Start of Dataset content

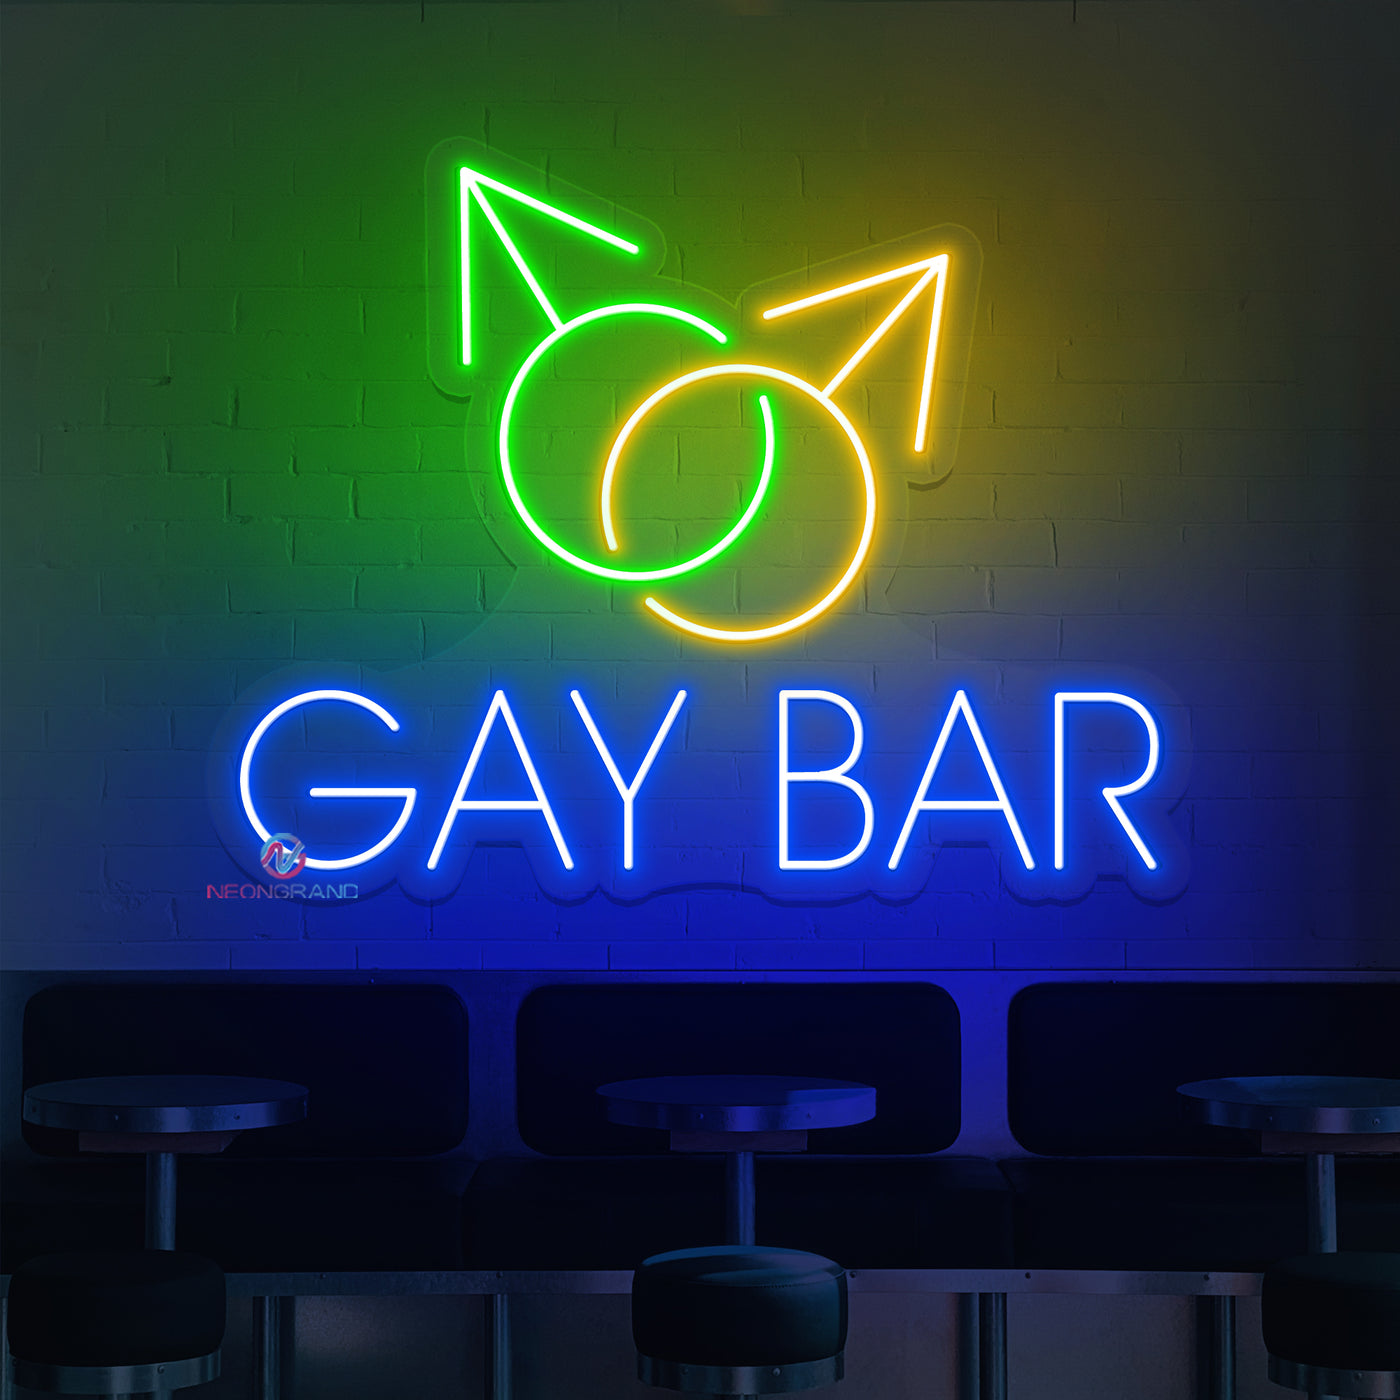 Gay Bar Neon Sign Led Light
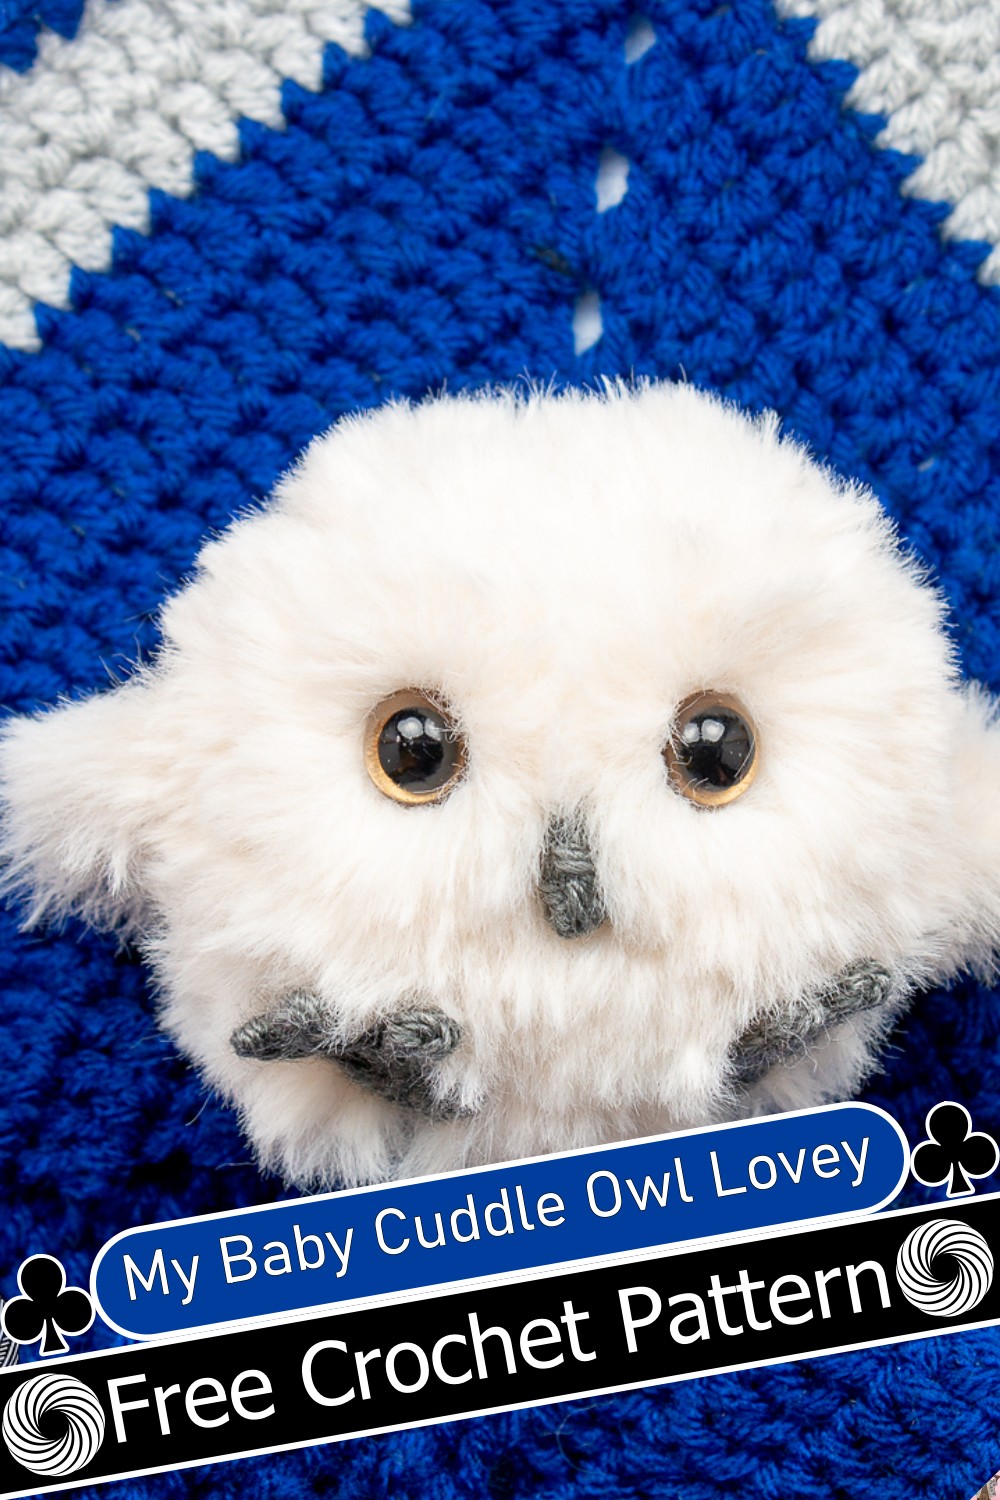 My Baby Cuddle Owl Lovey
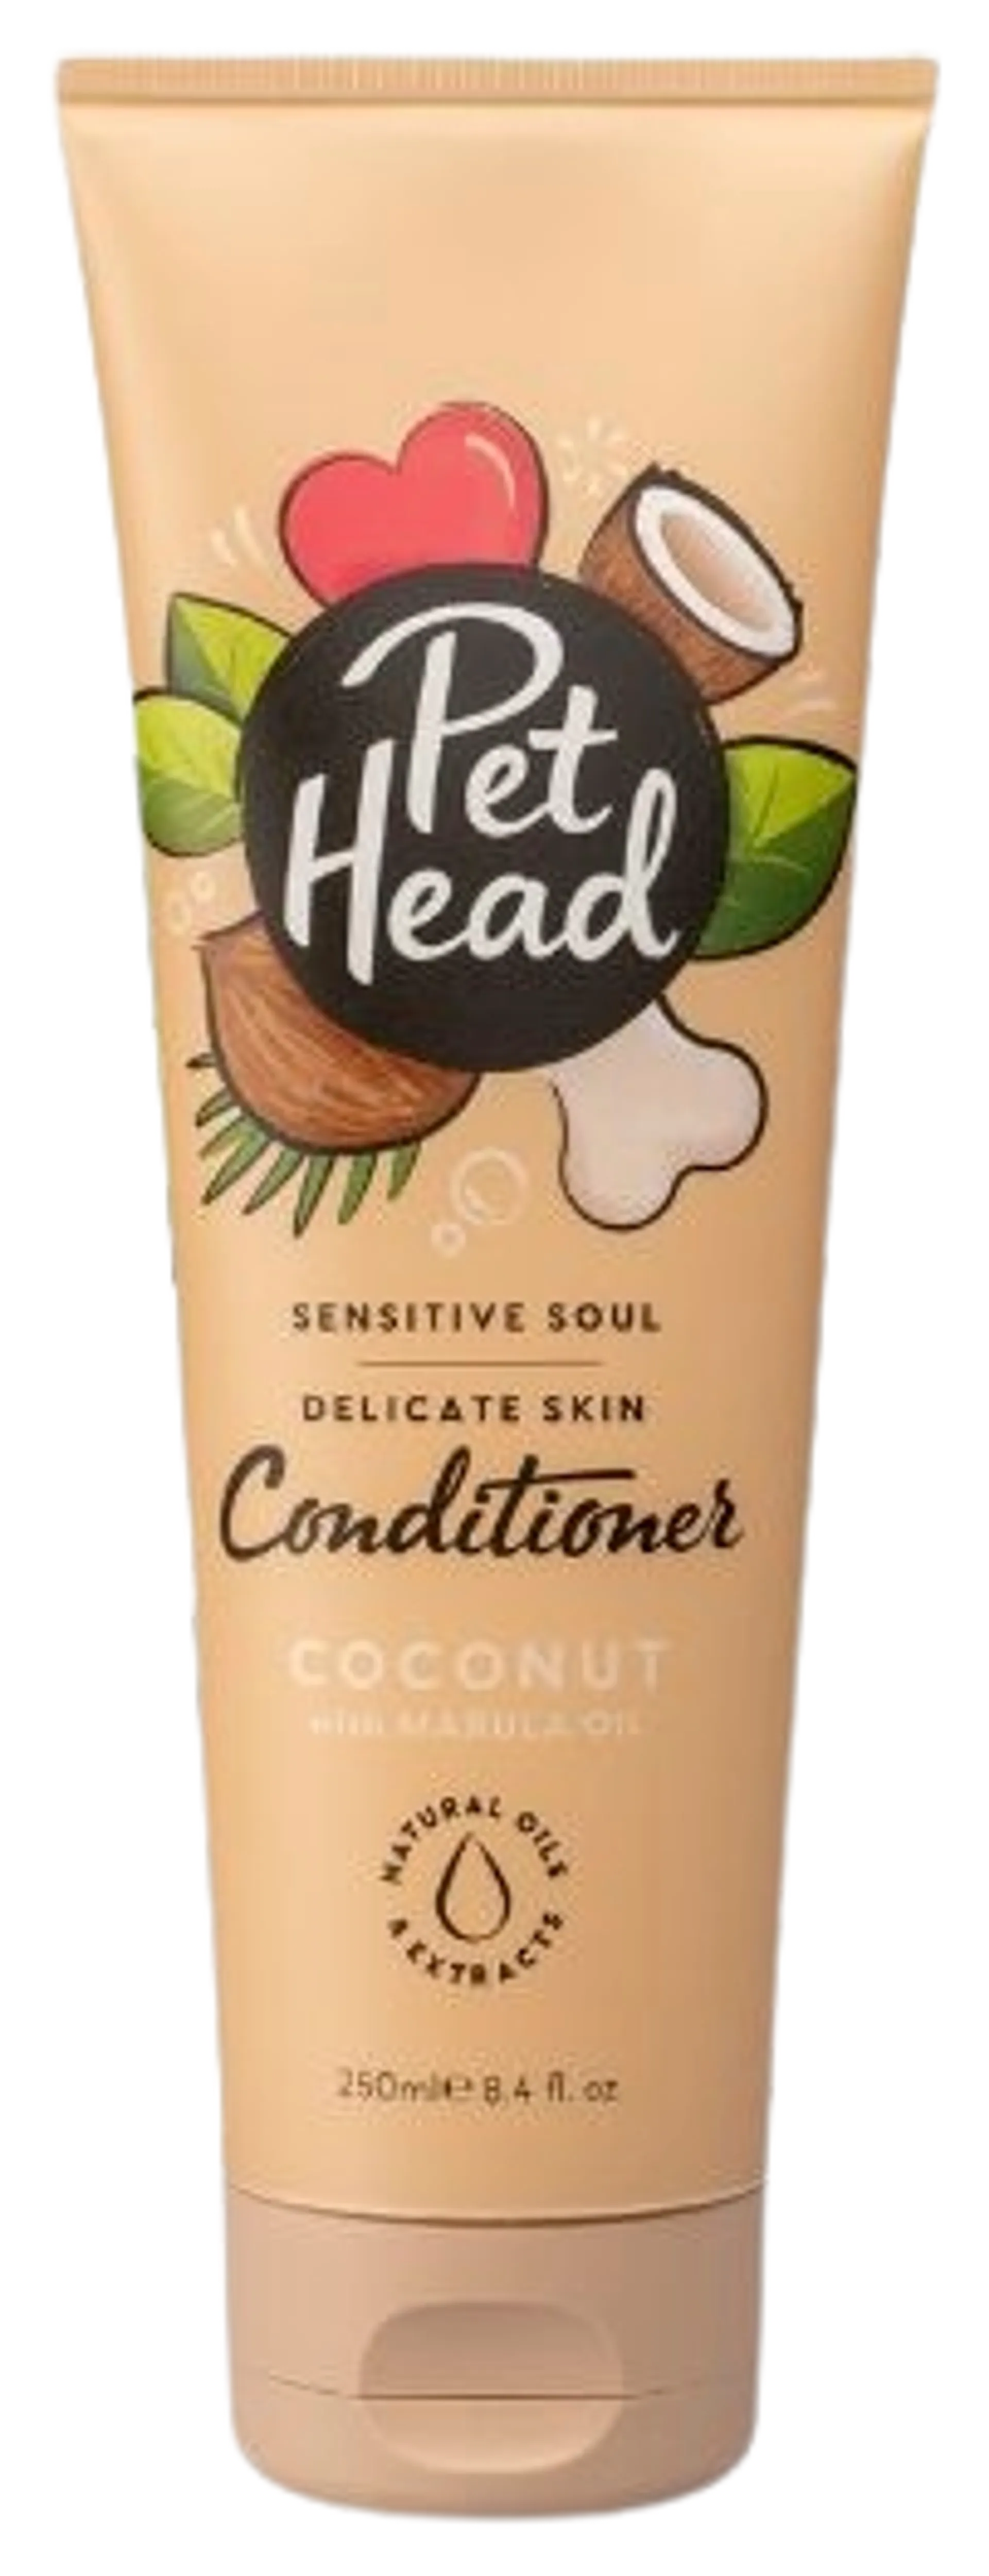 PetHead Sensitive Soul Conditioner 250ml
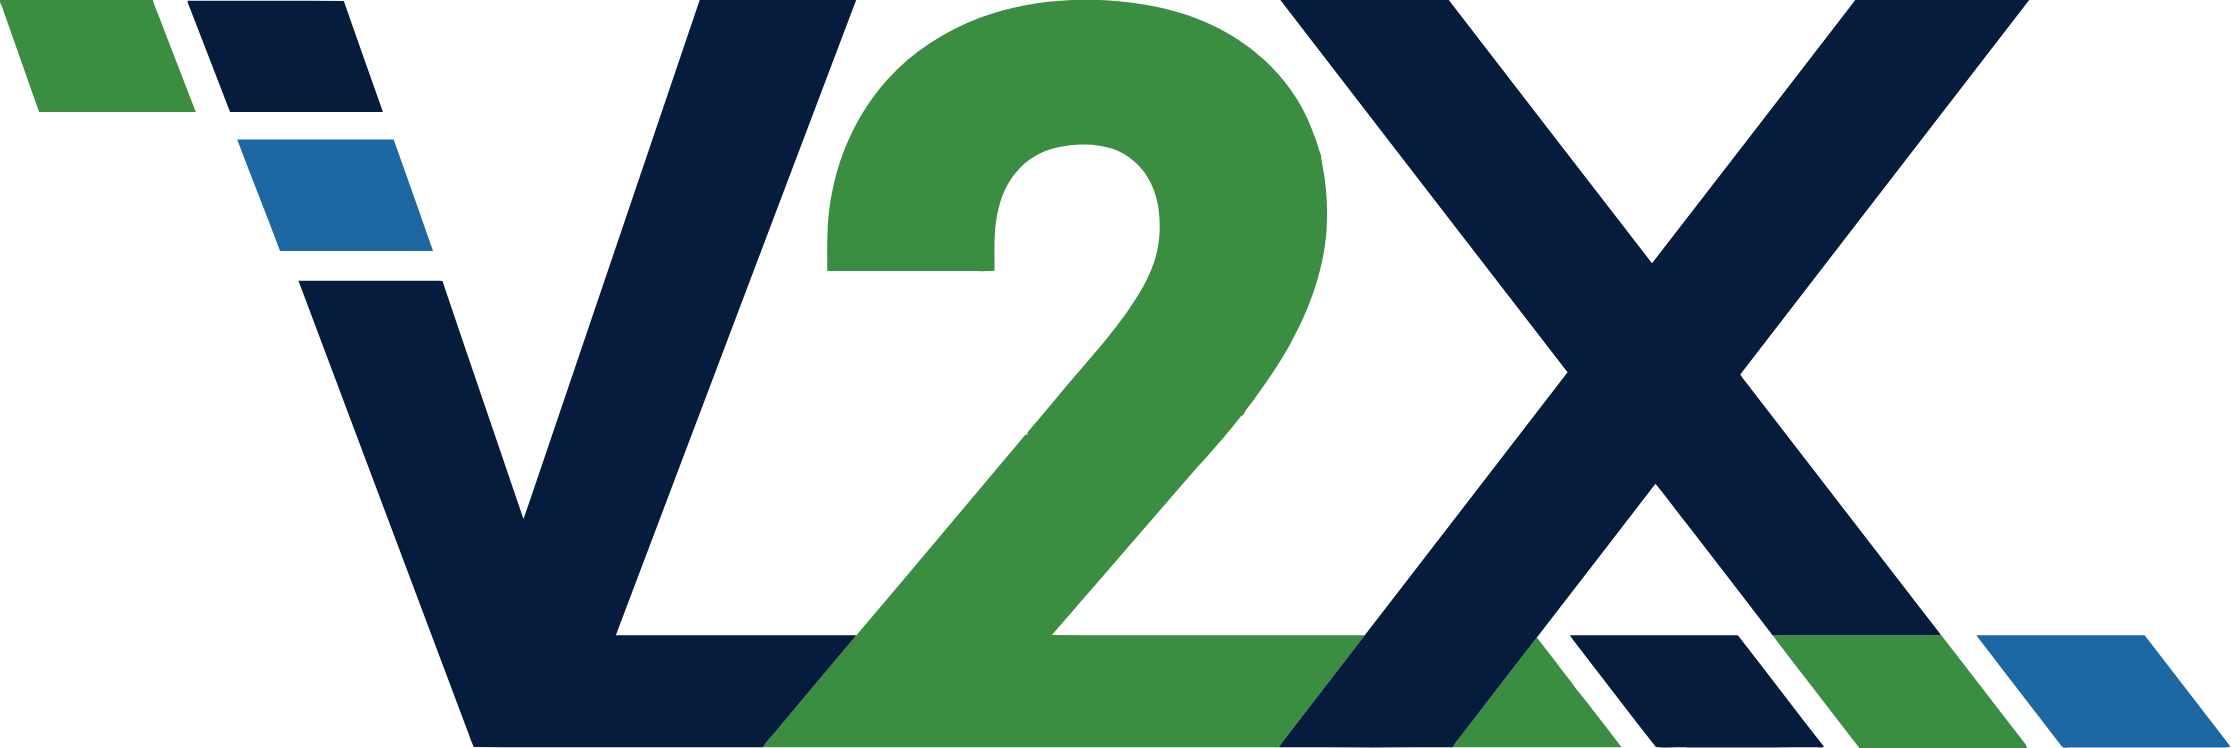 V2X logo (PNG transparent)

End of Dataset content

Assigned task >> Return the material as it stands. Leave out the pictures.

Result of this exercise >>
 Gay Bar Neon Sign Led Light
 My Baby Cuddle Owl Lovey
 PetHead Sensitive Soul Conditioner 250ml
 V2X logo (PNG transparent)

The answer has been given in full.